The Code Breaker -- Walter Isaacson -- 481 pages (536 with notes and index)
The Code Breaker is the latest book written by Walter Isaacson that extends themes covered in many of Isaacson's recent books on Leonardo da VInci, Ben Franklin, Albert Einstein, Steve Jobs, et al related to specific technical innovations and the mindsets of the people leading those innovations. His da Vinci book focused on synergies between medicine, mechanics and art that da Vinci leveraged in his works. His Jobs book explained how conceptual technology background and a mix of liberal arts combined with a maniacal and often mean / arrogant personality became instrumental in three different companies leveraging computer technology for consumers and entertainment. The Code Breaker uses the same blended analysis of personalities and sciences to explain how COVID vaccines were created in such a short time and provide different ways of thinking about the ethical questions raised by the underlying technology.
The Book Review
The full title of the book is The Code Breaker - Jennifer Doudna, Gene Editing, and the Future of the Human Race, reflecting the three key areas of focus within the book. However, Isaacson spends relatively little time on "wayback machine" narratives about the lives of key figures as they were growing up, etc. Unlike other authors writing similar books, there is no prose that recounts inner dialog in people's head as they prepare to cross the street to head into a crucial meeting (in other words, complete fabrications the author could not possibly know or verify). Isaacson writes predominately in the present tense but he does often break the "fourth wall" of the book and state his own opinion in the first person. He is also not one to rely on subliminal foreshadowing. When a term or technology is introduced that will come back later, he states directly, "we will come back to this later." He also writes in very short chapters with subsection headings within them, making it easier to remember how the content will be tied to the larger outline. In general, Isaacson is a very concise writer and the technical explanations tend to click.
The areas where first person prose comes into play most heavily involve discussions about the societal concerns about the technologies being discussed and the ethical questions raised by their use. The book covers debates held in the medical and scientific community over the years at a variety of locations covering these topics but this material only accounts for roughly 160 pages of the larger 481 page book, including Isaacson's own personal opinions which are well separated from those of the figures in the narrative.

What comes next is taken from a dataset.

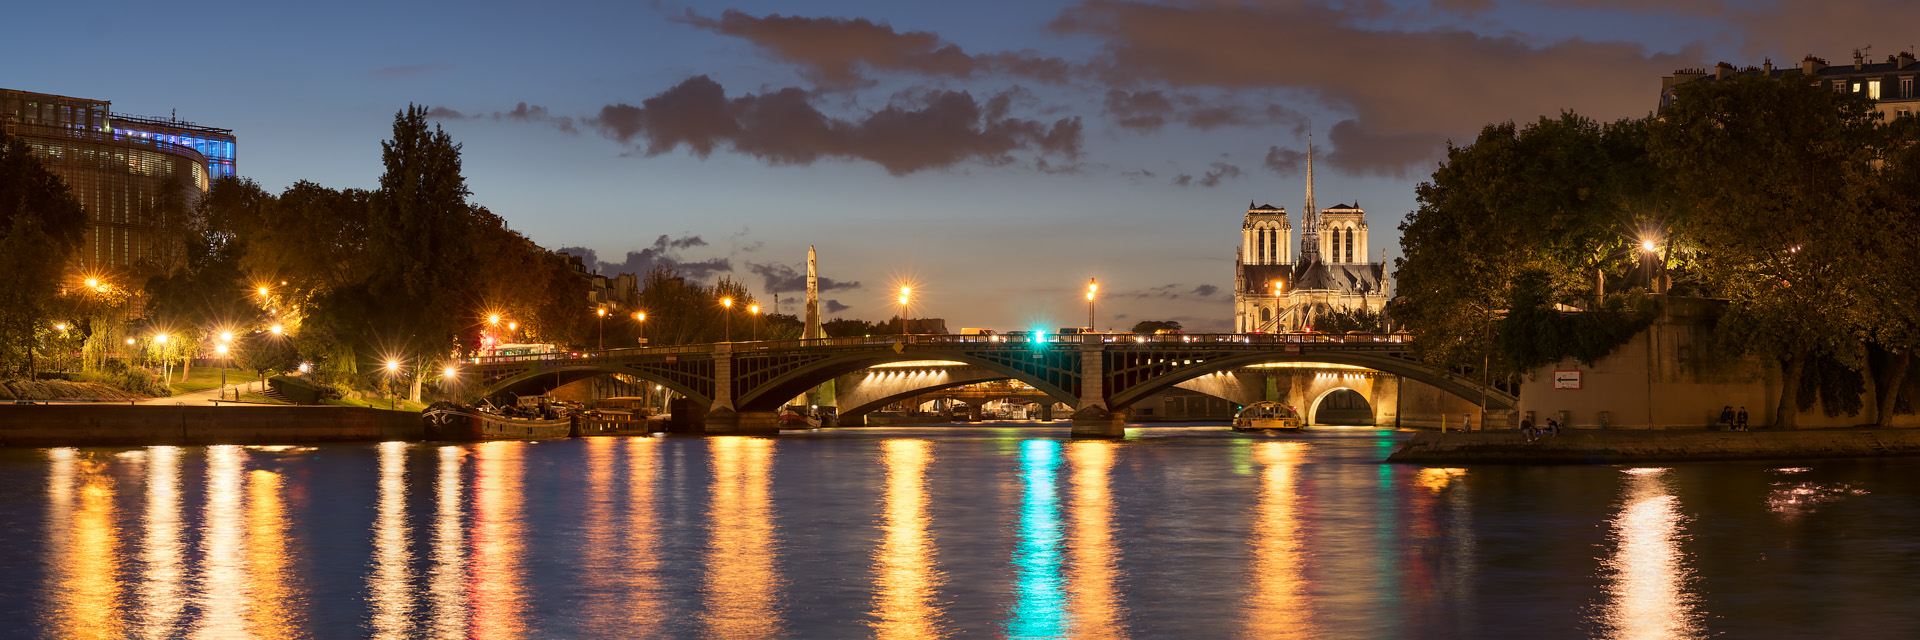 Pont de Sully et Notre Dame by David Briard
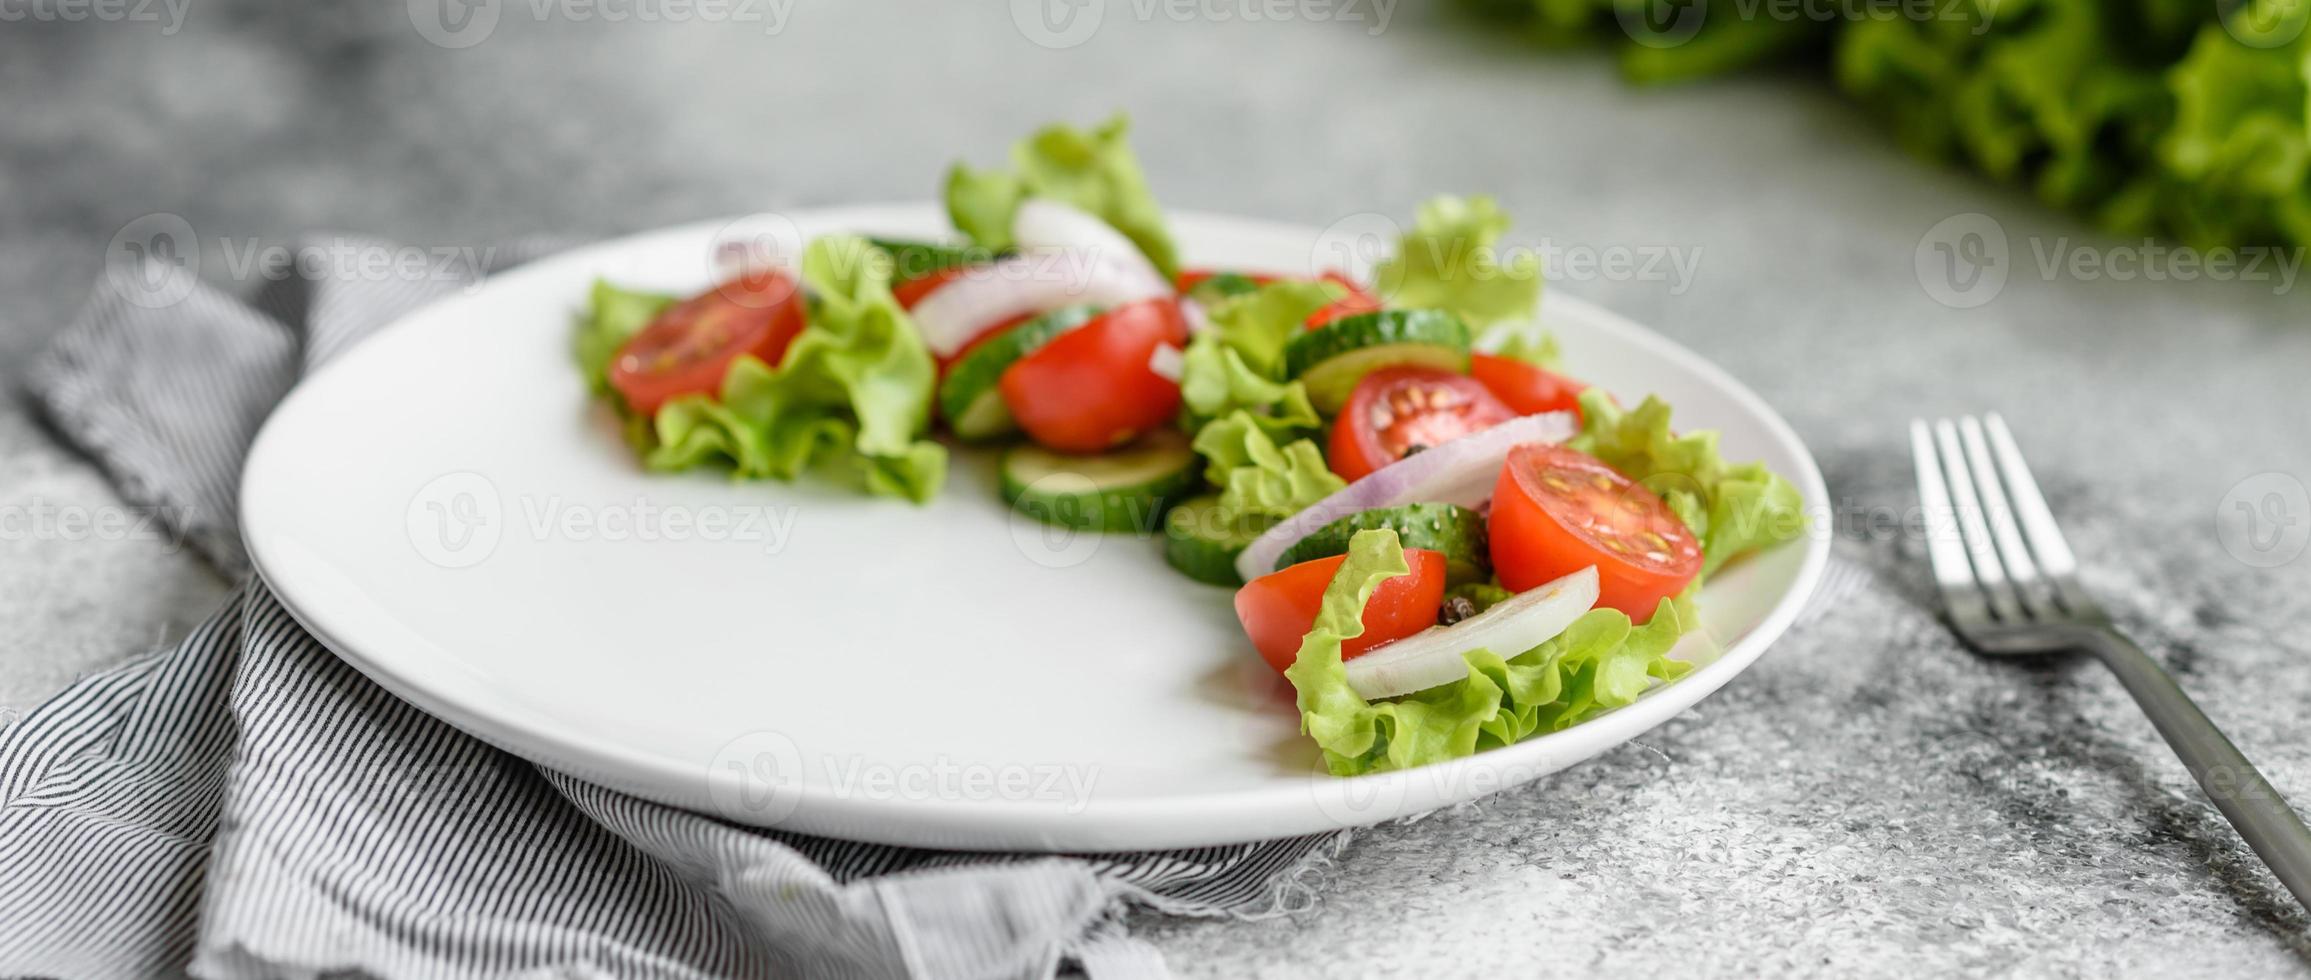 deliciosa ensalada fresca con verduras foto

In general, the book is well organized and provides a clear explanation of how unique study and career choices by Jennifer Doudna to focus on RNA biochemistry produced insights that leveraged decades of work in multiple disciplines to provide the treatments needed to contain what is still a huge medical threat to the world. The material also explains how a different type of managerial intelligence exhibited by Doudna as her career involved from a gifted individual contributor in a lab to a lab director responsible for selecting team members with the best mix of intelligence, competitiveness and collaboration was VITAL to the success she and her teams experienced.
All worth $21.49 and a few hours of time to read.
But -- as they say -- that's not why I'm writing...
The Real Value of The Book
The real value of reading The Code Breaker is it provides a clear understanding of the science involved in the COVID vaccines that came from nowhere and by describing that work, makes it clear that the technology wasn't rushed out of nowhere but builds upon nearly 35 years of work dating back to 1984. It isn't likely reading this book will change the mind of a militant anti-vaxer. However, it summarizes the vocabulary, technology and milestones that make the process easier to understand for average citizens and explains why the mechanisms are essentially programmable, making it MUCH simpler to match on new virus threats with less regression testing in clinical trials. Having more laypersons with this vocabulary and understanding might raise the level of debate enough to provide a better starting point for the next pandemic -- or even the next wave of the current pandemic.
The book explains the components of "gene editing" capabilities and resulting vaccines in three related areas:
Biochemistry -- Studying underlying biochemistry allows the behaviors and interactions of various biochemicals to be analyzed with less variability and more certainty about causes and effects. There are dozens of proteins acting as information bearers and dozens of enzymes acting as catalysts to trigger specific reactions which can be tested rapidly and accurately outside the context of actual living cells.
Crystallography -- Knowing the atomic composition of a protein or enzyme isn't enough to deterministically identify its function. The SHAPE of the material and arrangement of atoms within the overall structure affects how it interacts with other chemicals. Crystallography simplifies studying the physical topology of biochemical components by freezing them. As they freeze, the chemical topology triggers crystal lattices in the material around them to form that is easier to see than the underlying chemical structures but uniquely identifies the underlying structures. Imagine a complex protein suspended in water at room temperature. You can't see the protein clearly at room temperature in a liquid. If you slowly freeze the water and the ice structure takes on a cubic lattice, that might signal an underlying structure of something in flat strands. If the lattice takes on a parallelogram pattern, that might signify a strand with two folds in it.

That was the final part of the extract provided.